The ByteDance Seed team has unveiled the Dynamic Large Concept Model (DLCM), a hierarchical language modeling framework. This framework discerns semantic boundaries from latent representations and shifts computation from individual tokens to a more efficient, compressed concept space for reasoning purposes.

DLCM has the capability to identify concepts of varying lengths in an end-to-end manner, without the need for predefined linguistic units. The hierarchical compression strategy fundamentally transforms how the model scales.

The team has also introduced the first compressive sensing scaling law. This law separates token-level capacity, concept-level reasoning capacity, and compression ratio, facilitating a logical distribution of computational resources within a fixed FLOPs (floating-point operations per second) framework.

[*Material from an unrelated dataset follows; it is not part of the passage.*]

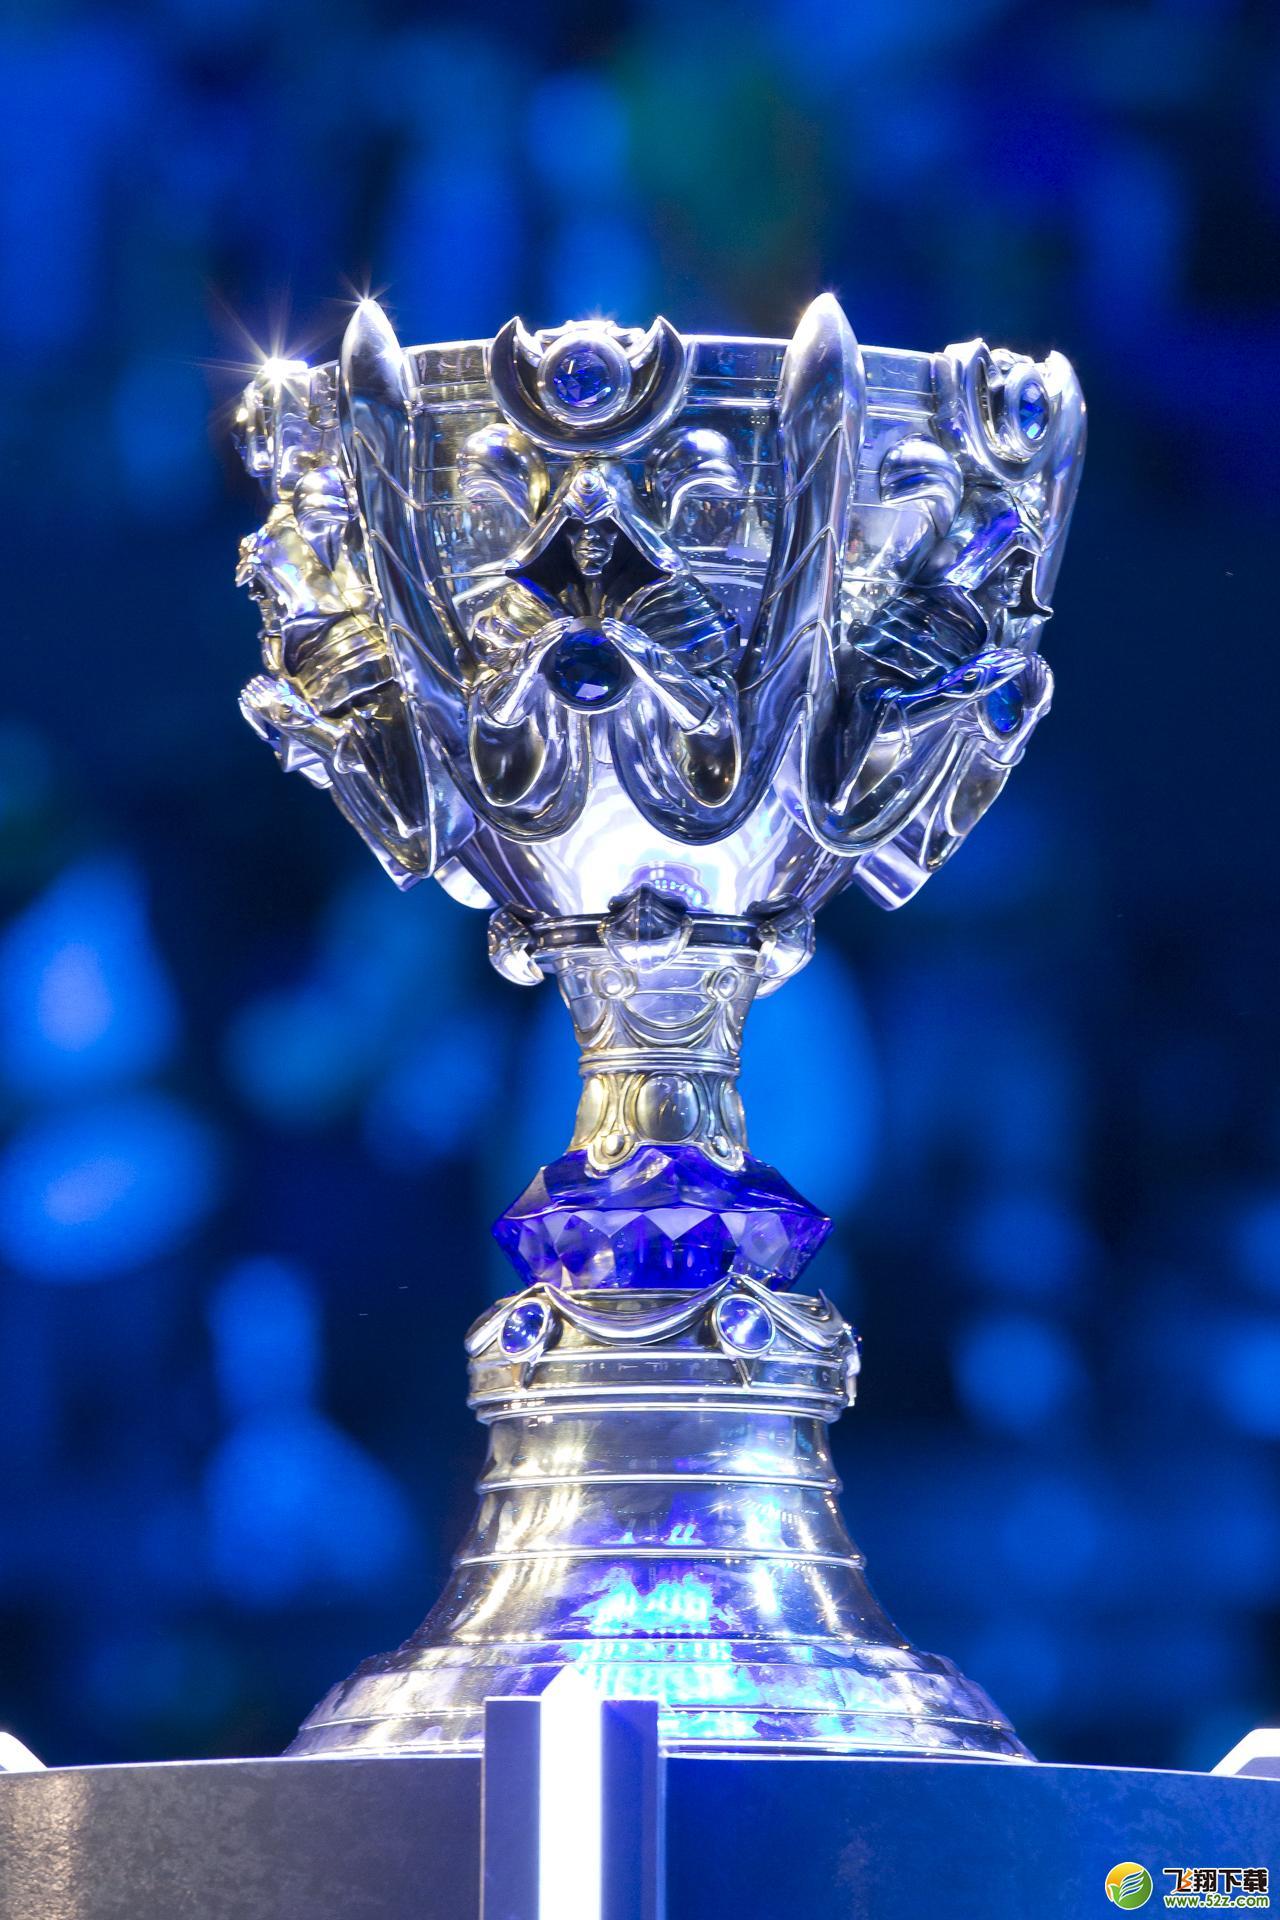 lol2014赛季世界总决赛直播地址 英雄联盟2014赛季世界总决赛公告 飞

To ensure stable training of this diverse architecture, Seed has further developed a decoupled μP parameterization technique. This method supports zero-shot hyperparameter transfer across different model widths and compression mechanisms, redirecting roughly one-third of the inference computation to a reasoning backbone with greater capacity.

When compared under the same inference FLOPs, an average performance boost of +2.69% is observed across 12 zero-shot benchmarks.

DLCM processes token sequences in four distinct stages:

• Encoding: Extracts detailed token representations.
• Dynamic segmentation: Identifies semantic boundaries and groups tokens into concepts.
• Concept-level reasoning: Conducts in-depth computation on the compressed sequences.
• Token-level decoding: Reconstructs predictions by referencing the reasoned concepts.

Researchers have deliberately separated discrete segmentation decisions from language modeling losses to prevent interference during the optimization process. This design choice sacrifices complete end-to-end discreteness in favor of training stability and manageable compression, which is essential for large-scale deployments.

The decoder reconstructs token-level predictions by focusing on the reasoned concepts, incorporating two main components: concept smoothing and causal cross-attention.

The team has implemented an independent kernel analysis method, Flash Attention Varlen, yielding three significant insights:

• Consistent performance edge of Flash Attention Varlen: Speed enhancements range from 1.26x to 1.73x, confirming the effectiveness of the 'memory vs. computation' trade-off.
• Independence from hidden layer size: Performance limitations are mainly due to the attention mechanism's memory access patterns, rather than the computational complexity associated with hidden layer dimensions. Flash Varlen's optimized memory access patterns remain consistent across various model widths.
• Superior scalability with longer sequences: The performance advantage of Flash Varlen grows with sequence length. At a 2K sequence length, the average speedup is around 1.44x. When the sequence length is increased eightfold to 16K, the average speedup rises to approximately 1.70x, reaching a peak of 1.73x with a hidden layer size of 2048.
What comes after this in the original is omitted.